The Gulf Coast Rebel was a streamlined passenger train operated by the Gulf, Mobile and Ohio Railroad (GM&O) between St. Louis, Missouri and Mobile, Alabama. It operated from 1940 to 1958. Unlike the similarly named Rebels, the Gulf Coast Rebel used conventional locomotive-pulled equipment. The train was the last GM&O service south of St. Louis, Missouri when it was discontinued in 1958.

== History ==

In 1935, the Gulf, Mobile and Northern Railroad (GM&N), a predecessor of the GM&O, introduced the Rebel between New Orleans, Louisiana and Jackson, Tennessee. It was the first lightweight streamliner in the Southern United States. In the fashion of mid-1930s streamliners each consist was built as a cohesive set with streamlined power car, although the cars were not articulated. Even before its merger with the Mobile and Ohio Railroad in September 1940 the GM&N had begun assembling equipment for a new Rebel.

The new Gulf Coast Rebel began operation on October 29, 1940, using streamlined heavyweight cars. New ALCO DL-105 diesel locomotives pulled the train which gained the nickname "Big Rebel", differentiating it from the "Little Rebels" which remained in service. The new train was painted in the same red-and-silver paint scheme as the Little Rebels and included hostess service, another innovation from the original service. The trains operated on an overnight schedule between St. Louis and Mobile, using the former M&O main line via Meridian, Mississippi.

The GM&O's merger with the Alton Railroad in 1947 brought several changes to the Gulf Coast Rebel. The most obvious was the change in appearance as the train received the Alton's maroon-and-red paint scheme. In addition, the train received new lightweight cars built by American Car and Foundry. Both the Little and Big Rebels were the victim of the worsening passenger market in the 1950s. The GM&O discontinued the original Rebels in 1954 and the Gulf Coast Rebel, its last passenger train south of St. Louis, on October 14, 1958.

== Equipment ==
The original Gulf Coast Rebel used a heavyweight consist which received some streamlining and other cosmetic enhancements. Two consists were necessary to protect the service.
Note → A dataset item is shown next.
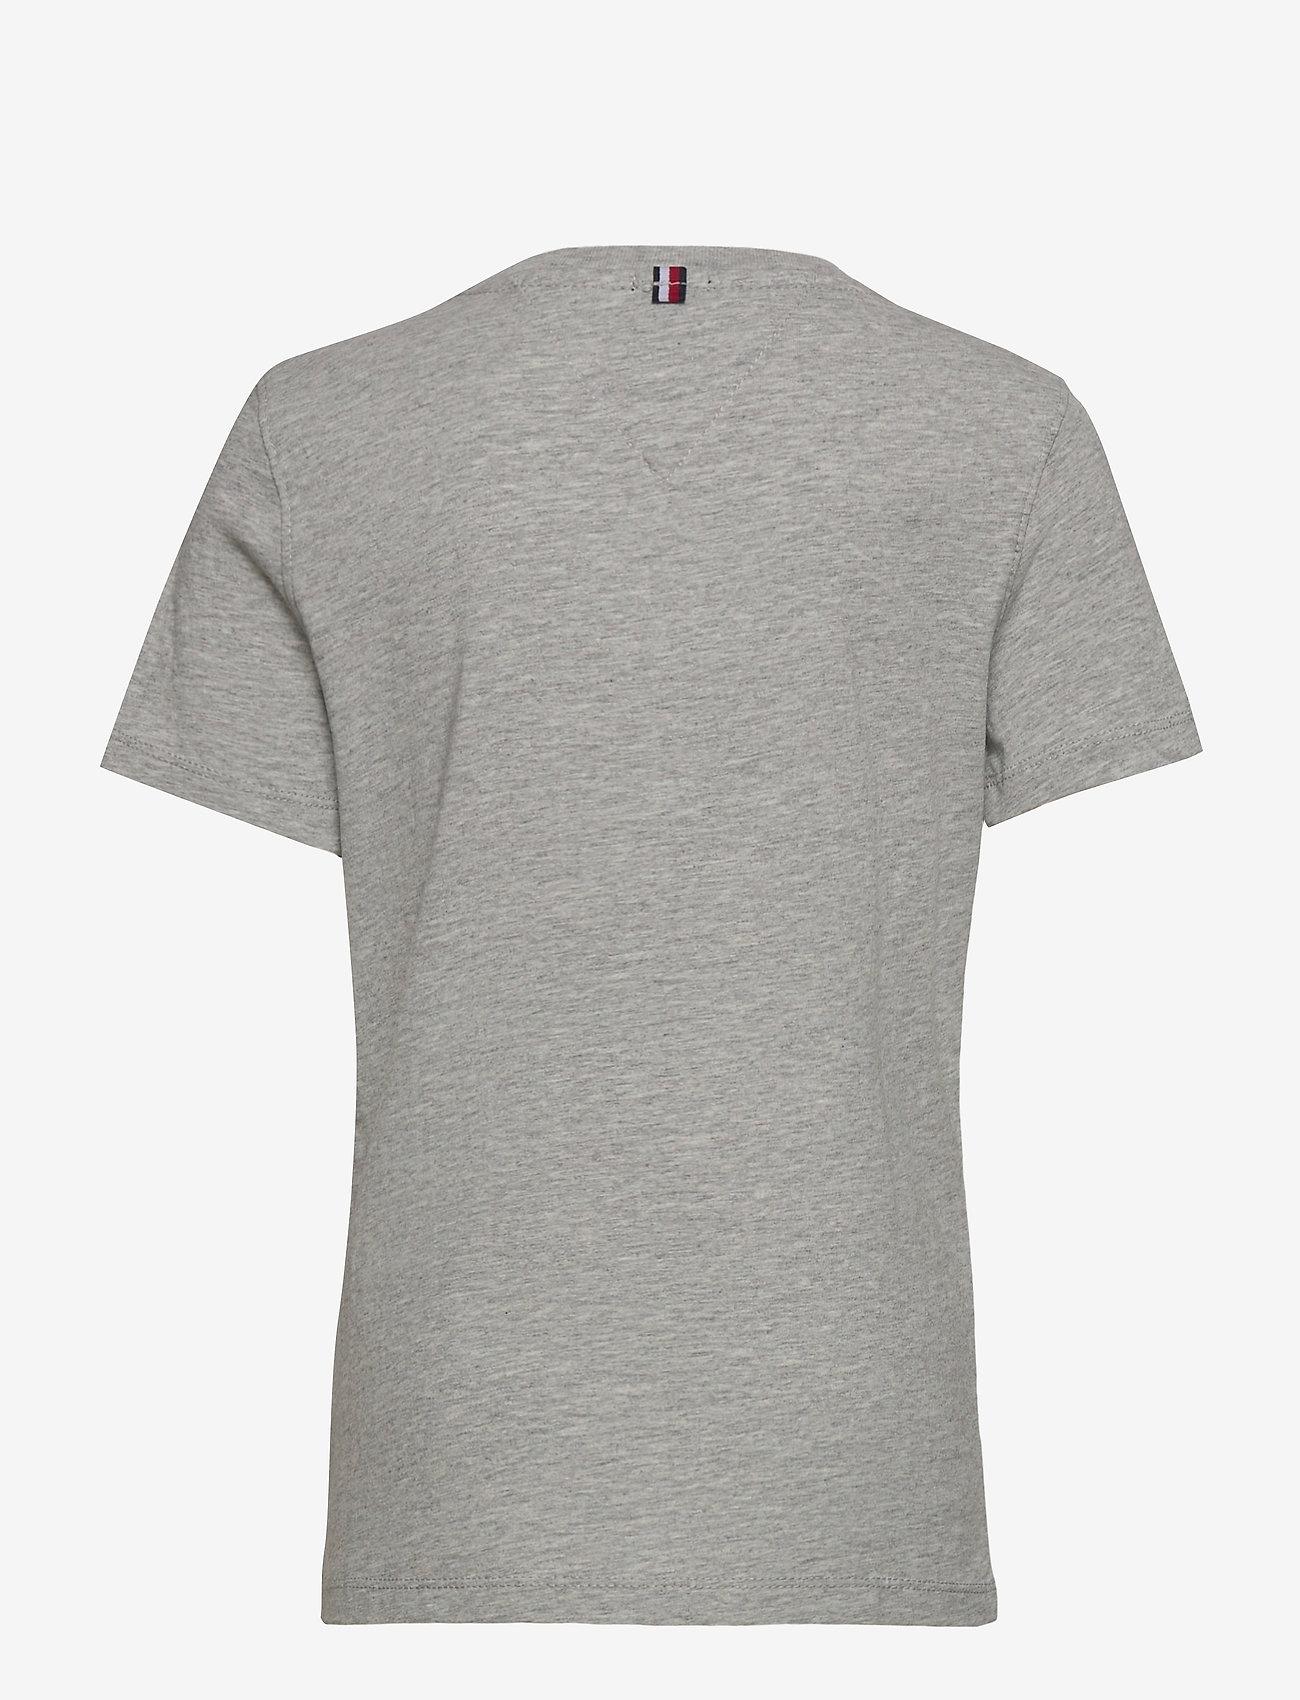 Tommy Hilfiger - BOYS BASIC CN KNIT S - short-sleeved - grey heather - 1

Each had a mail car, baggage car, coach, buffet-coach, and sleeping car (Tower-series 8-section 1-drawing room 3-double bedroom cars Show Me and Deep South). As mentioned above, American Car and Foundry delivered new lightweight cars to the GM&O in 1947–1948 which were used throughout the system. These included 68-seat coaches, 31-seat parlor cars, and four 4-section 8-roomette 1-compartment 3-double bedroom sleeping cars. Originally ALCO DL-105s (styled by Otto Kuhler) handled the Gulf Coast Rebel. Later motive power included the ALCO PA-1 and the uncommon Baldwin DR-6.